Sassafras Yoga, in short, is what you get in a class or workshop with me. It is Mississippi rooted, you find it kind of everywhere. It is strong and healing. It is concerned with bringing your mind/body/spirit together. To each class, I try to bring simple mindfulness exercises to a basic pranayama (breath), asana (posture/movement), and meditation practice. Mindfulness exercises might be a simple invitation to focus on the breath, an exercise based in cognitive and/or behavior psychology, an ancient metaphor or parable, or a quote to focus on during yoga practice.

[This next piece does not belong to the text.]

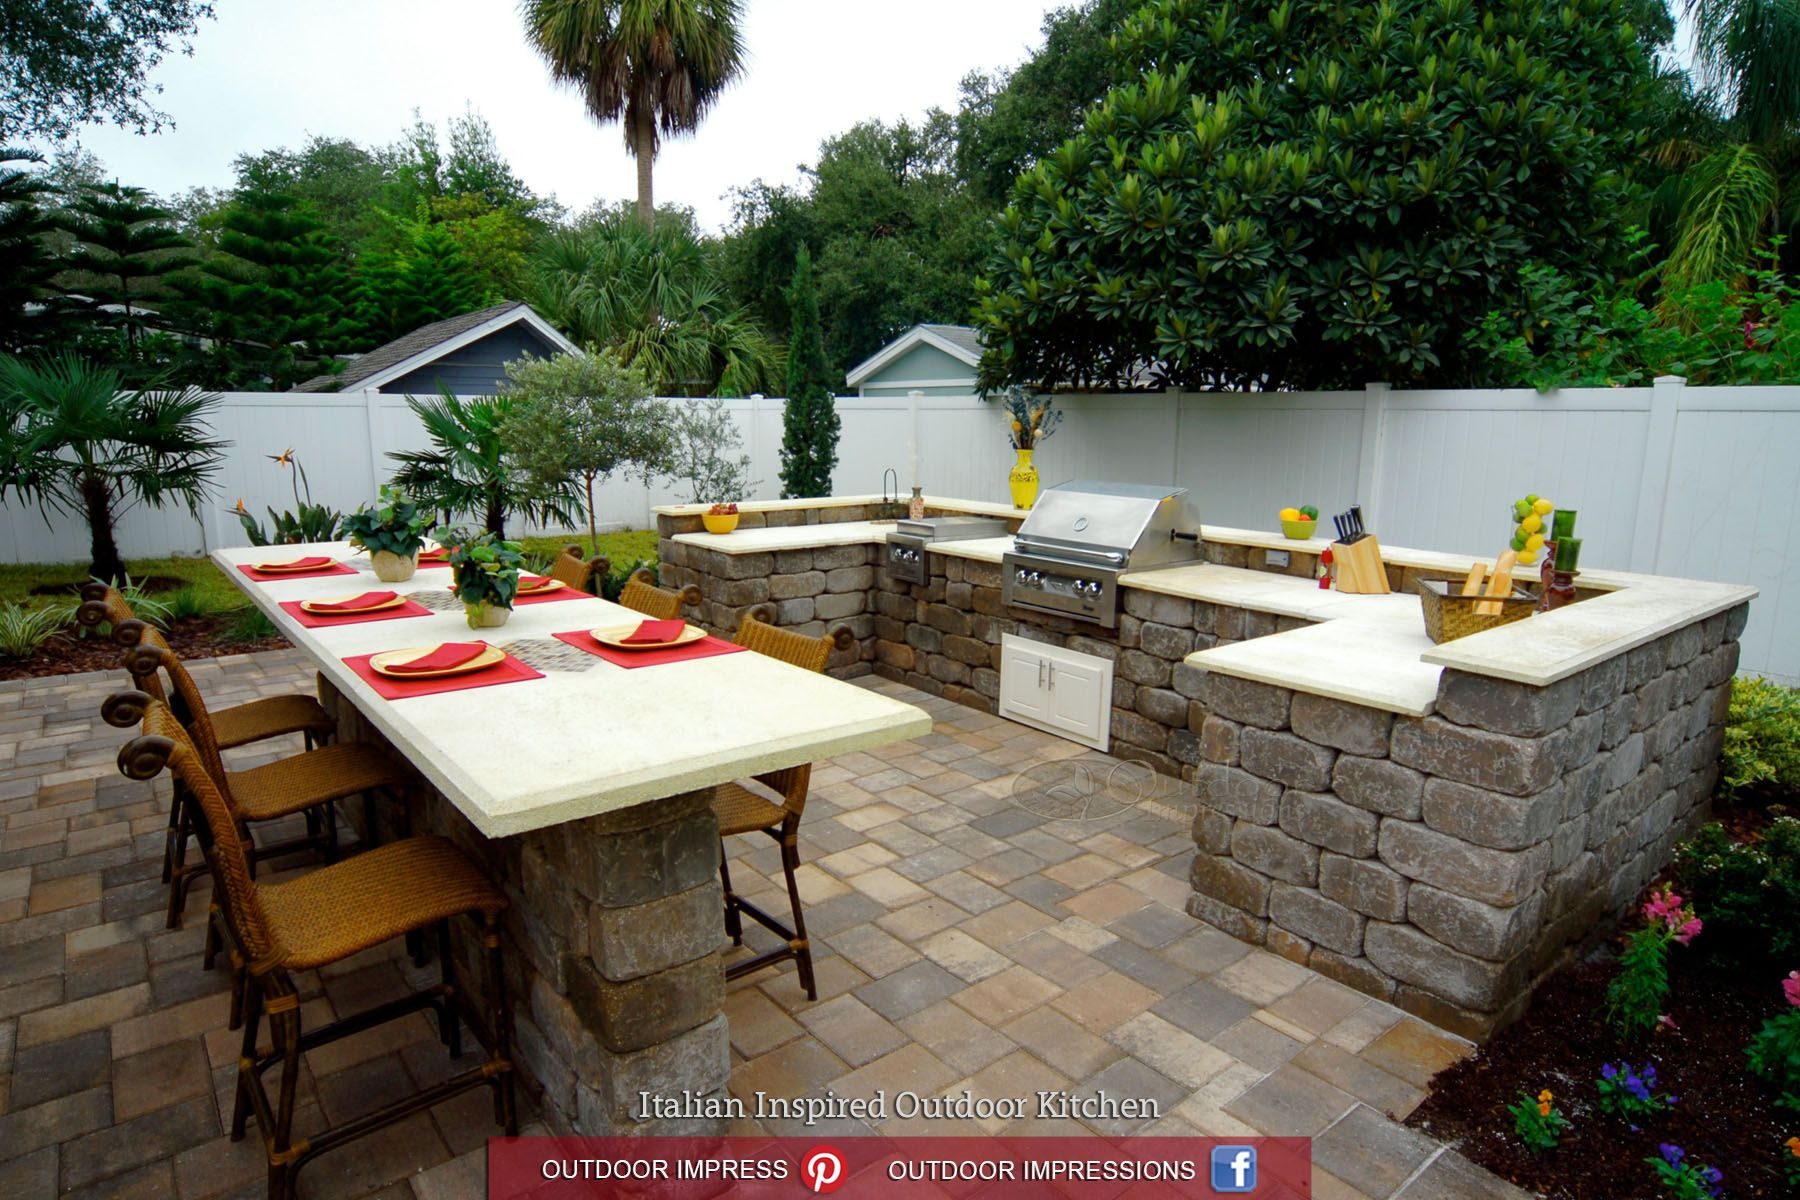 Yard Crashers Outdoor Impressions Tampa Fl Riverview Fl Outdoor Kitchen Outdoor Kitchen Countertops Yard Crashers
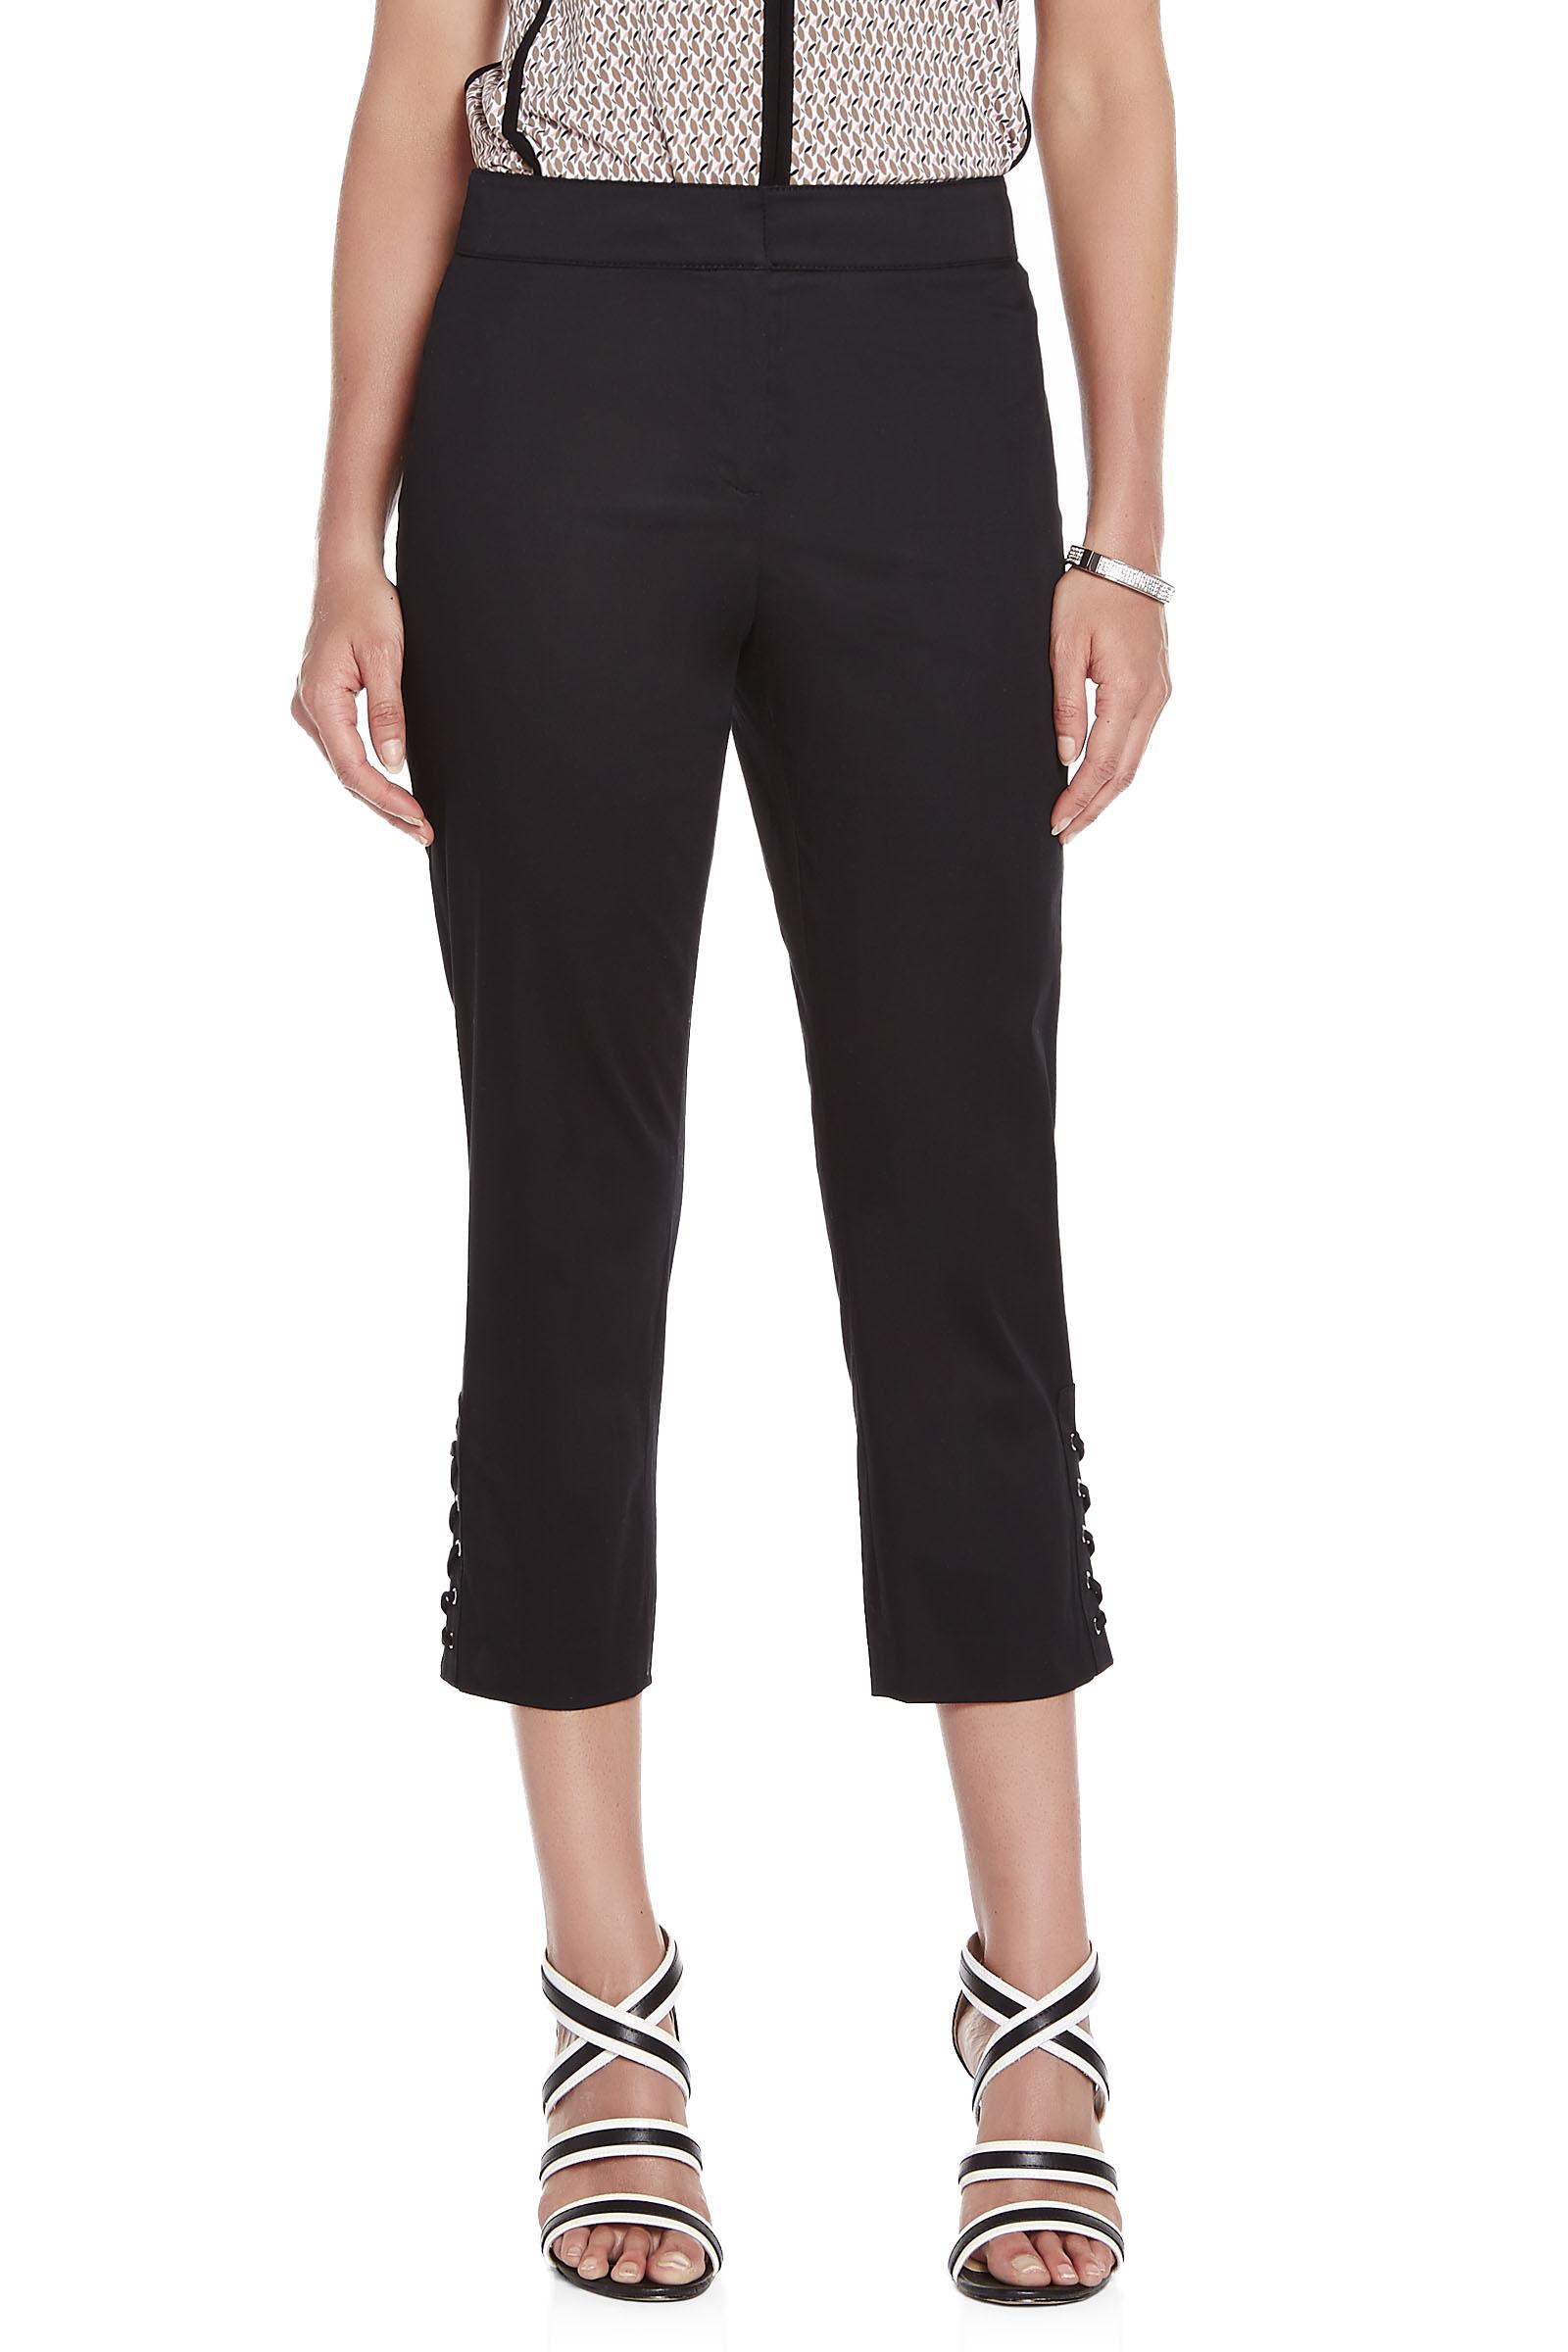 Lacing Trim Cotton Sateen Capri Pants | FREE Shipping* | Melanie Lyne

Always, the goal is to help you relate to yourself any little bit better, to make your body feel any little bit better, and to remind you that your mind and spirit matter, and deserve care.
A note of gratitude: I wouldn’t have a yoga to call my own if it were not for the many teachers I have had over the years–in yoga, in literature, in philosophy, in art, in music–and as I describe what I think of as “my” yoga, it feels ridiculous. I didn’t invent yoga, so what do I even have to talk about? (This is called minimizing, one of my common cognitive distortions, which we’ll get to. Later.) But the thing I now remind myself is, each time I come to the mat, I invent that yoga practice, right there, in that moment. I invent that process of steadying my breath, of observing my mind, of strengthening and stretching my body. And I wouldn’t have these moments now if other teachers before had not shared, if they had said “I didn’t invent yoga, so what could I possibly have to offer?” So recognizing that I often tell myself distorting, minimizing things, I offer what I have, knowing that I have received powerful insights from simple offerings. I think of “my” yoga as a twig of outgrowth from a tree of human knowledge that stretches back over millennia. The yoga that will mean the most to you, of course, is the yoga you actually DO. I encourage you to look around your community for a class, and find out what your local yoga teachers have to offer.